Histoire de coup d’Etat en Mauritanie: R Bourgi est passé par là!

La vie politique en Mauritanie a, elle aussi, nourri la tumultueuse époque de la « françafrique ». Au centre des révélations de R Bourgi, les soubresauts de la gestion du putsch d’août 2008 contre feu Sidi Ould Cheikh Abdellahi. Les sulfureux témoignages de R. Bourgi, l’homme par qui tous les scandales de la « France-à-fric » sont passés, reviennent sur les fracas de la « légitimation » d’un putsch qui fera encore une victime en France, Bruno Joubert, conseiller Afrique de l’Élysée, pour s’être opposé, non sans virulence de propos, au coup d’Etat dans notre pays.

Un entretien fleuve. Il ne pouvait en être autrement pour R. Bourgi dont la vie et la carrière embrassent tout le continent africain, avec ses hauts et ses bas. Sous forme donc d’un entretien dirigé par notre confrère, Frédéric Lejeal, « Ils savent que je sais tout», les mémoires de R Bourgi se veulent un témoignage aux relents de provocation. L’interview revient sur une longue période de vies politiques mouvementées où l’argent, les intrigues et les coups de poignard dans le dos sont légion au sein de la classe politique française. Si le RPR et feu Chirac en prennent pour leurs galons, les observateurs s’interrogent à une encablure de la prochaine élection française, sur cet examen de conscience auquel se livre R Bourgi. Une chose est sûre; il n’a jamais porté dans son coeur Dominique de Villepin. Le texte est-il un sacerdoce pour retrouver bonne conscience ? Le livre autour de la carrière et de la vie de R. Bourgi recèle bien des zones d’ombre. Naviguant en plein dans les micmacs politiques, l’interventionnisme de la métropole et même les coups d’Etats, R Bourgi qui se défend d’avoir touché aux mallettes qu’il convoyait, encore moins aux largesses des « sommités » qui peuplent son agenda cherchant une entrée à l’Elysée ou à Matignon, se présente sous son meilleur jour…Difficile de croire que ce témoin, présent à toutes les affaires de corruption de la classe politique française, ne se soit pas éclaboussé au milieu de tant de privilèges indus. Mais gageons qu’il a été un « ascète », il ne pouvait travailler sans ristournes pour se présenter en faiseur de rois.

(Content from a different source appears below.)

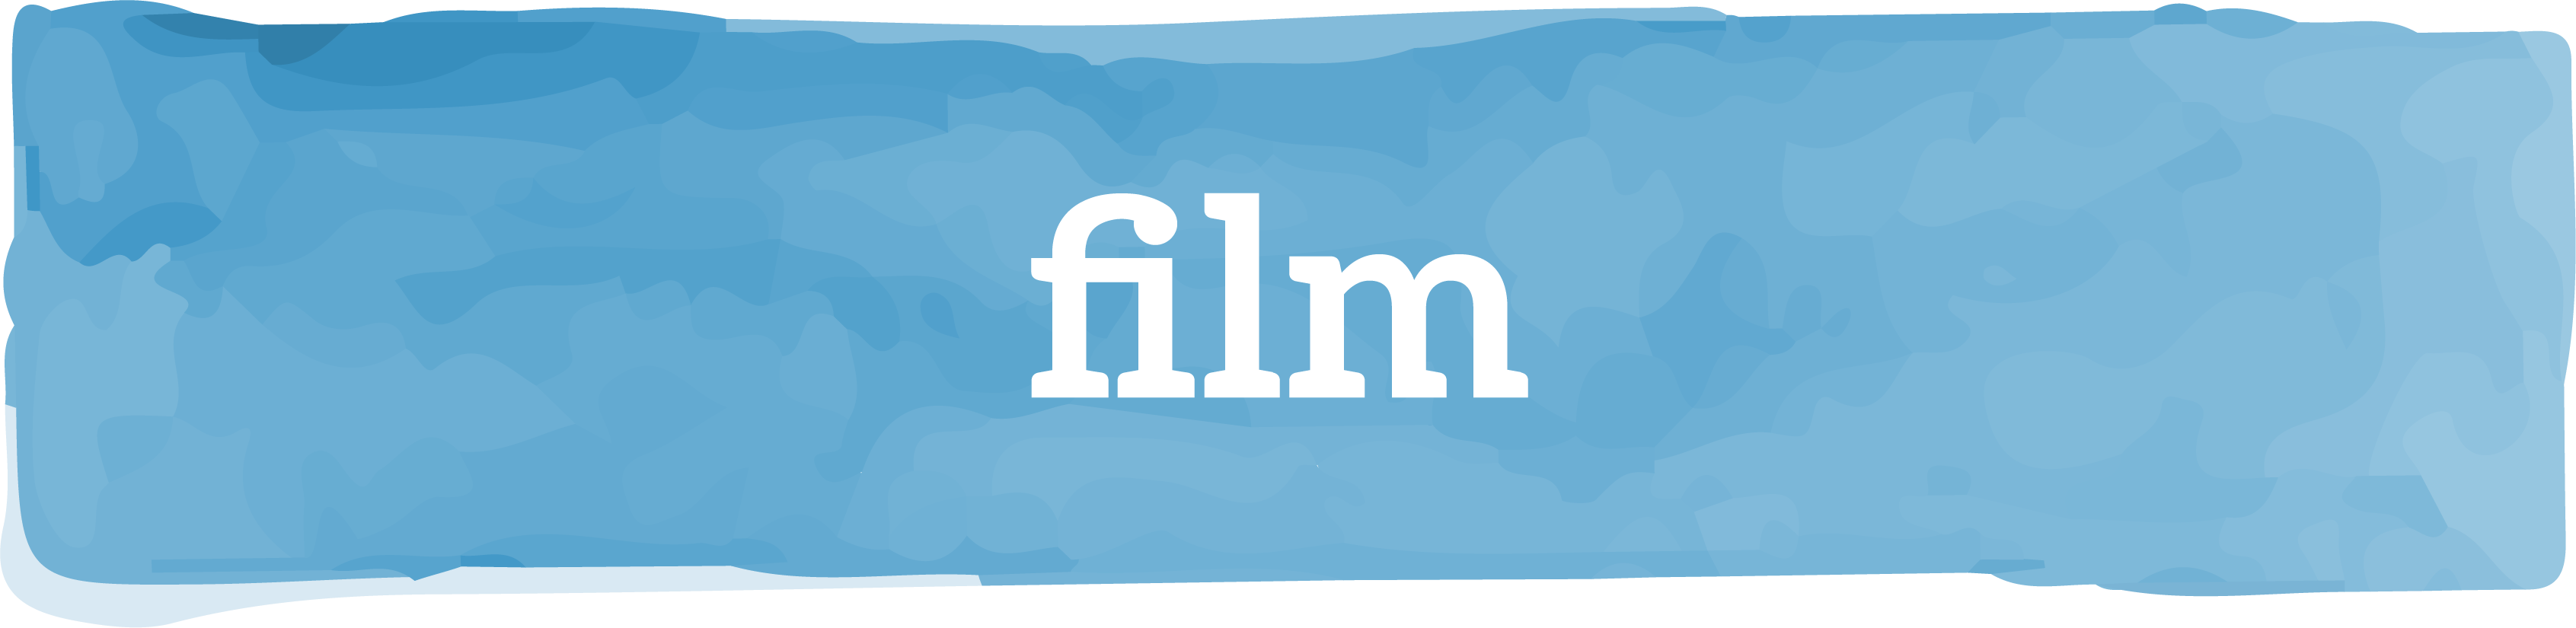 film-header

Bref, dans cette profusion de « missions délicates » entre l’Afrique et l’ancienne métropole, notre pays a eu, lui aussi, droit au chapitre. Le 21ème de cette saga politco-financière. C’était à l’occasion du putsch du 6 août 2008. R. Bourgi y ressasse son rôle et les circonstances abracadabrantes pour faire aboutir le putsch militaire en période de démocratisation. Certaines étapes sont notoires mais d’autres sont restées bien camouflées. Extraits.

 

 Chapitre 21 : Des putschistes à l’Élysée

En août 2008, le coup d’État du général Mohamed Ould Abdel Aziz, en Mauritanie, va être suivi de très près par l’Élysée et créer plusieurs mini-crises diplomatiques. Quelques semaines après ce putsch, vous introduisez auprès de Claude Guéant un parent du nouvel homme fort à Nouakchott, l’homme d’affaires Mohamed Ould Bouamatou. Comment le rapprochement s’est-il effectué ?

J’avais vécu plus de deux ans en Mauritanie pour enseigner à l’École nationale d’administration de Nouakchott, mais je ne connaissais pas cet homme d’affaires influent et cousin du général Mohamed Ould Abdel Aziz. J’ai fait sa rencontre quelques jours après le coup d’État, via mon ami Abbas Jaber.

Il m’a contacté alors que nous nous trouvions tous deux en vacances, à Saint-Tropez. Il voulait me le présenter. Mohamed Ould Bouamatou est venu à mon hôtel pour m’expliquer les raisons du putsch, arguant que le président renversé, Sidi Ould Cheik Abdallali, quoique légitime, était devenu très impopulaire.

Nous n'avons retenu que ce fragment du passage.